Bolsonaro votes, dodges questions about respecting the outcome of Brazil’s elections

President Bolsonaro votes in a school in Rio de Janeiro President Bolsonaro votes in a school in Rio de Janeiro

Brazilian President Jair Bolsonaro cast his vote this morning in a heated election with his political rival Luiz Inácio Lula da Silva. When asked by reporters if he would respect the results of the election, he did not respond. 

Voting machines opened in Brazil today at 8:00am GMT-3 and among the first of the 156 million eligible voters to cast his vote was the country’s current leader. 

The president cast his vote at a polling station inside a municipal school called Rosa da Fonseca, located inside Vila Militar in the west of Rio de Janeiro, the country’s second most populous city. 

In front of the building, a small group of supporters awaited the president’s arrival, waving Brazilian flags and dawning blue, yellow and green shirts.

President Bolsonaro talks to supporters after voting in Rio de Janeiro

Bolsonaro quickly voted and then spoke to journalists.

He told reporters he felt confident about the outcome of the elections. 

The president currently trails former President Lula in the polls by some 15 percentage points and when asked about the standings he told reporters he doesn’t believe in polls, but does believe in the people. 

During his presidency and the runup to the election, Bolsonaro has attempted to sow doubt about the validity of the country’s electoral system, in what his opponents fear could be a plot to hold onto power should he lose the elections.

When asked if he would respect the results of the election, Bolsonaro abruptly ended the press conference.

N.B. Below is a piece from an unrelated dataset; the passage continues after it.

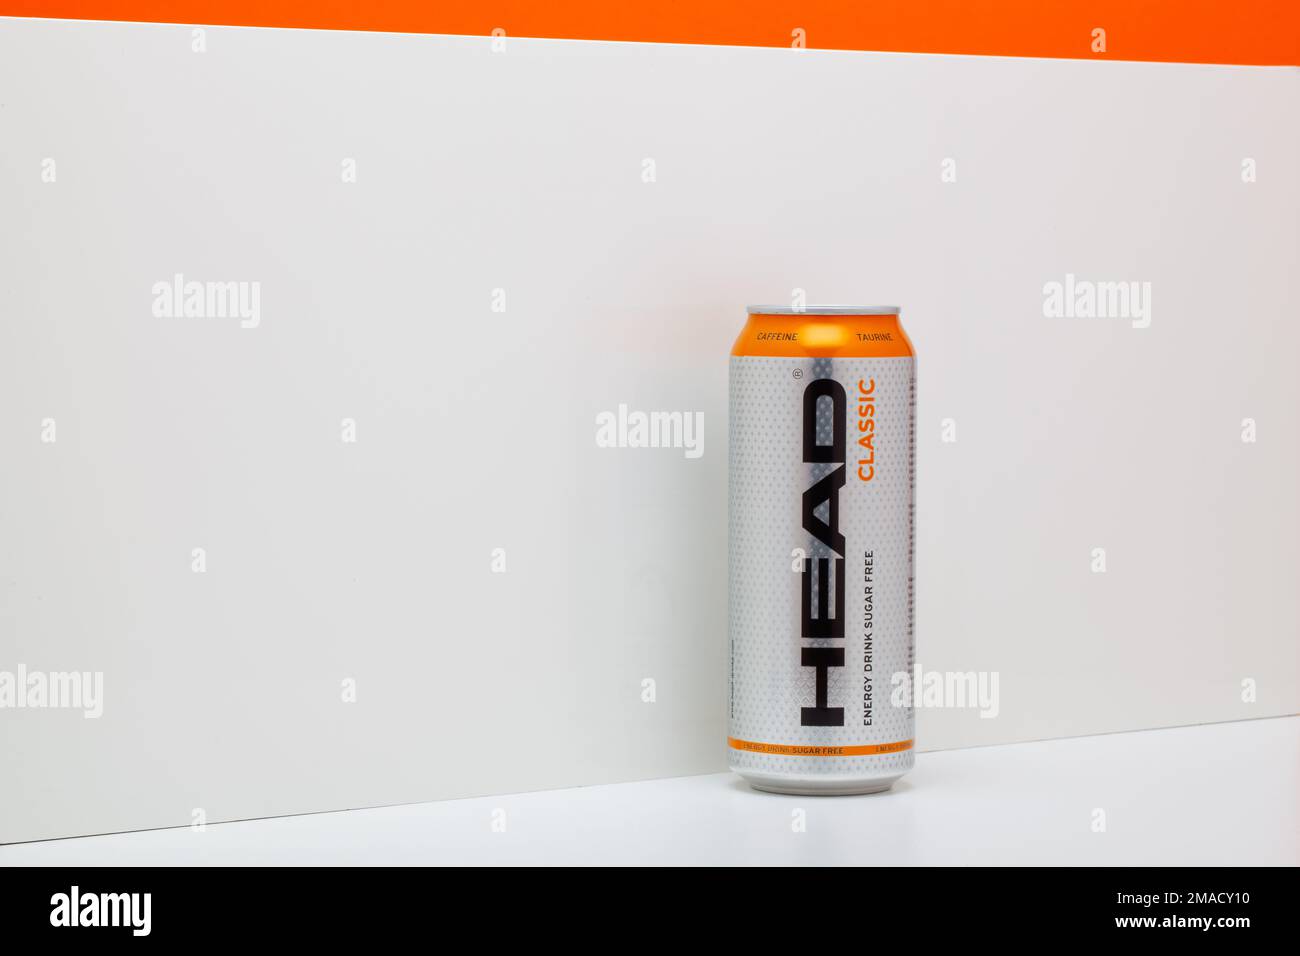 Prague, Czech Republic - 23, March 2022: HEAD CLASSIC Energy Drink the white background. HEAD Energy Drinks contain Caffeine and Taurine which stimula Stock Photo

After casting his vote, Bolsonaro went to Campo dos Afonsos military airport where he flew back to the capital Brasília. He will monitor the results of the elections from Brasília today. 

Brazilians vote

Early Sunday morning, Brazil Reports visited two schools used as polling stations in central São Paulo. 

Fidelino Figueiredo State School, one of the polling places in São Paulo, Brazil / Thiago Alves, Brazil Reports

Long lines of voters snaked inside the schools, but no incidents of violence were reported. 

In a statement to the press this morning, Alexandre de Moreas, president of the Superior Electoral Court, the judicial body responsible for organizing elections in Brazil, said that the process was running smoothly. 

President of the Superior Electoral Court, Alexandre de Moraes, during a press conference / Marcelo Camargo, Agência Brasil

“We are sure that at the end of the day we will have the results with peace of mind,” he said. “I ask voters to go vote and then go home. Have lunch and then, in the afternoon, enjoy Sunday. Good elections to all!”, said Mr. Moraes.